Let \(\underline{z} = z_1, z_2, \ldots, z_n\) denote a vector of \(n\)
observations from a normal distribution with parameters
mean=0 and sd=1. That is, \(\underline{z}\) denotes a vector of
\(n\) observations from a standard normal distribution. Let
\(z_{(r)}\) denote the \(r\)'th order statistic of \(\underline{z}\),
for \(r = 1, 2, \ldots, n\). The probability density function of
\(z_{(r)}\) is given by:
$$f_{r,n}(t) = \frac{n!}{(r-1)!(n-r)!} [\Phi(t)]^{r-1} [1 - \Phi(t)]^{n-r} \phi(t) \;\;\;\;\;\; (1)$$
where \(\Phi\) and \(\phi\) denote the cumulative distribution function and
probability density function of the standard normal distribution, respectively
(Johnson et al., 1994, p.93). Thus, the expected value of \(z_{(r)}\) is given by:
$$E(r, n) = E[z_{(r)}] = \int_{-\infty}^{\infty} t f_{r,n}(t) dt \;\;\;\;\;\; (2)$$
It can be shown that if \(n\) is odd, then
$$E[(n+1)/2, n] = 0 \;\;\;\;\;\; (3)$$
Also, for all values of \(n\),
$$E(r, n) = -E(n-r+1, n) \;\;\;\;\;\; (4)$$
The function evNormOrdStatsScalar computes the value of \(E(r,n)\) for
user-specified values of \(r\) and \(n\).
The function evNormOrdStats computes the values of \(E(r,n)\) for all
values of \(r\) (i.e., for \(r = 1, 2, \ldots, n\))
for a user-specified value of \(n\).
Exact Method Based on Royston's Approximation to the Integral (method="royston")
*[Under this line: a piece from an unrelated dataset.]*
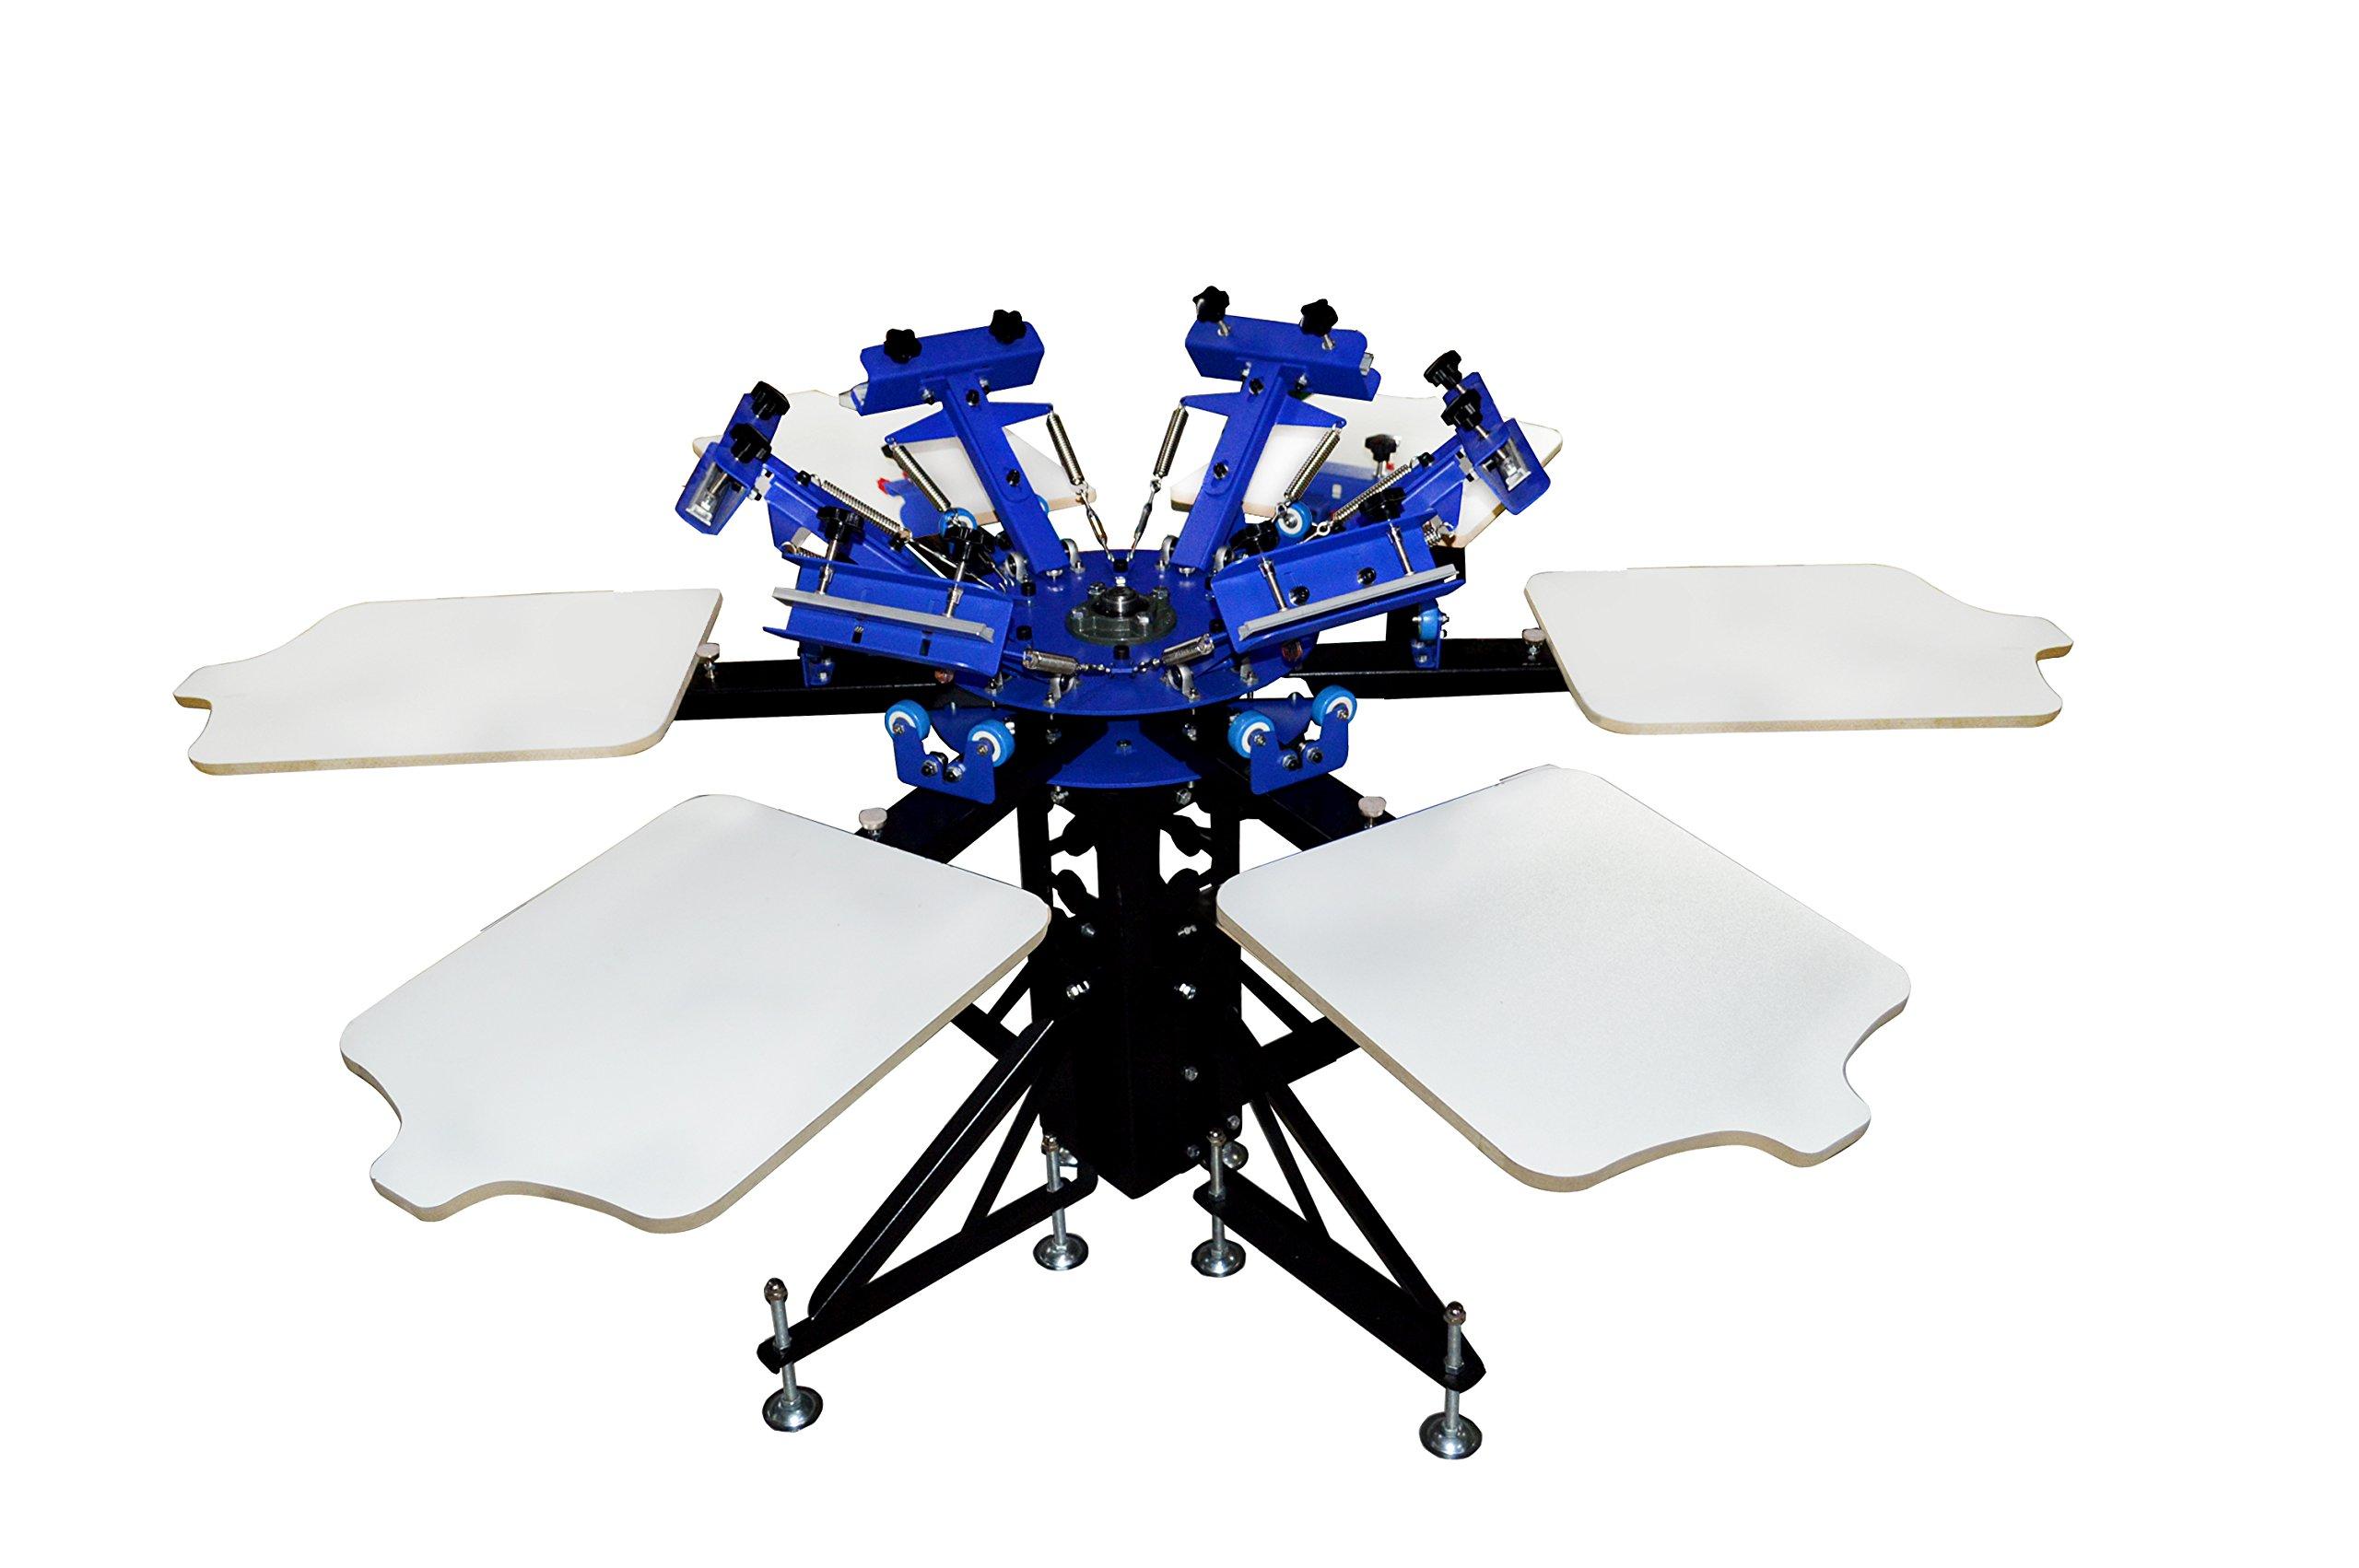 6-6 Double Wheel Screen Printing Machine Screen Printing Press DIY Equipment T-shirt by Screen Printing Machine Series

When method="royston", the integral in Equation (2) above is approximated by
computing the value of the integrand between the values of lower and
-lower using increments of inc, then summing these values and
multiplying by inc. In particular, the integrand is restructured as:
$$t \; f_{r,n}(t) = t \; exp\{log(n!) - log[(r-1)!] - log[(n-r)!] + (r-1)log[\Phi(t)] + (n-r)log[1 - \Phi(t)] + log[\phi(t)]\} \;\;\; (5)$$
By default, as per Royston (1982), the integrand is evaluated between -9 and 9 in
increments of 0.025. The approximation is computed this way for values of
\(r\) between \(1\) and \([n/2]\), where \([x]\) denotes the floor of \(x\).
If \(r > [n/2]\), then the approximation is computed for \(E(n-r+1, n)\) and
Equation (4) is used.
Note that Equation (1) in Royston (1982) differs from Equations (1) and (2) above
because Royston's paper is based on the \(r^{th}\) largest value,
not the \(r^{th}\) order statistic.
Royston (1982) states that this algorithm “is accurate to at least seven decimal
places on a 36-bit machine,” that it has been validated up to a sample size
of \(n=2000\), and that the accuracy for \(n > 2000\) may be improved by
reducing the value of the argument inc. Note that making
inc smaller will increase the computation time.
Approxmation Based on Blom's Method (method="blom")
When method="blom", the following approximation to \(E(r,n)\),
proposed by Blom (1958, pp. 68-75), is used:
$$E(r, n) \approx \Phi^{-1}(\frac{r - \alpha}{n - 2\alpha + 1}) \;\;\;\;\;\; (5)$$
By default, \(\alpha = 3/8 = 0.375\). This approximation is quite accurate.
For example, for \(n \ge 2\), the approximation is accurate to the first decimal place,
and for \(n \ge 9\) it is accurate to the second decimal place.
Harter (1961) discusses appropriate values of \(\alpha\) for various sample sizes
\(n\) and values of \(r\).
Approximation Based on Monte Carlo Simulation (method="mc")
When method="mc", Monte Carlo simulation is used to estmate the expected value
of the \(r^{th}\) order statistic. That is, \(N =\) nmc trials are run in which,
for each trial, a random sample of \(n\) standard normal observations is
generated and the \(r^{th}\) order statistic is computed. Then, the average value
of this order statistic over all \(N\) trials is computed, along with a
confidence interval for the expected value, assuming an approximately
normal distribution for the mean of the order statistic (the confidence interval
is computed by supplying the simulated values of the \(r^{th}\) order statistic
to the function enorm).
NOTE: This method has not been optimized for large sample sizes \(n\)
(i.e., large values of the argument n) and/or a large number of
Monte Carlo trials \(N\) (i.e., large values of the argument nmc) and
may take a long time to execute in these cases.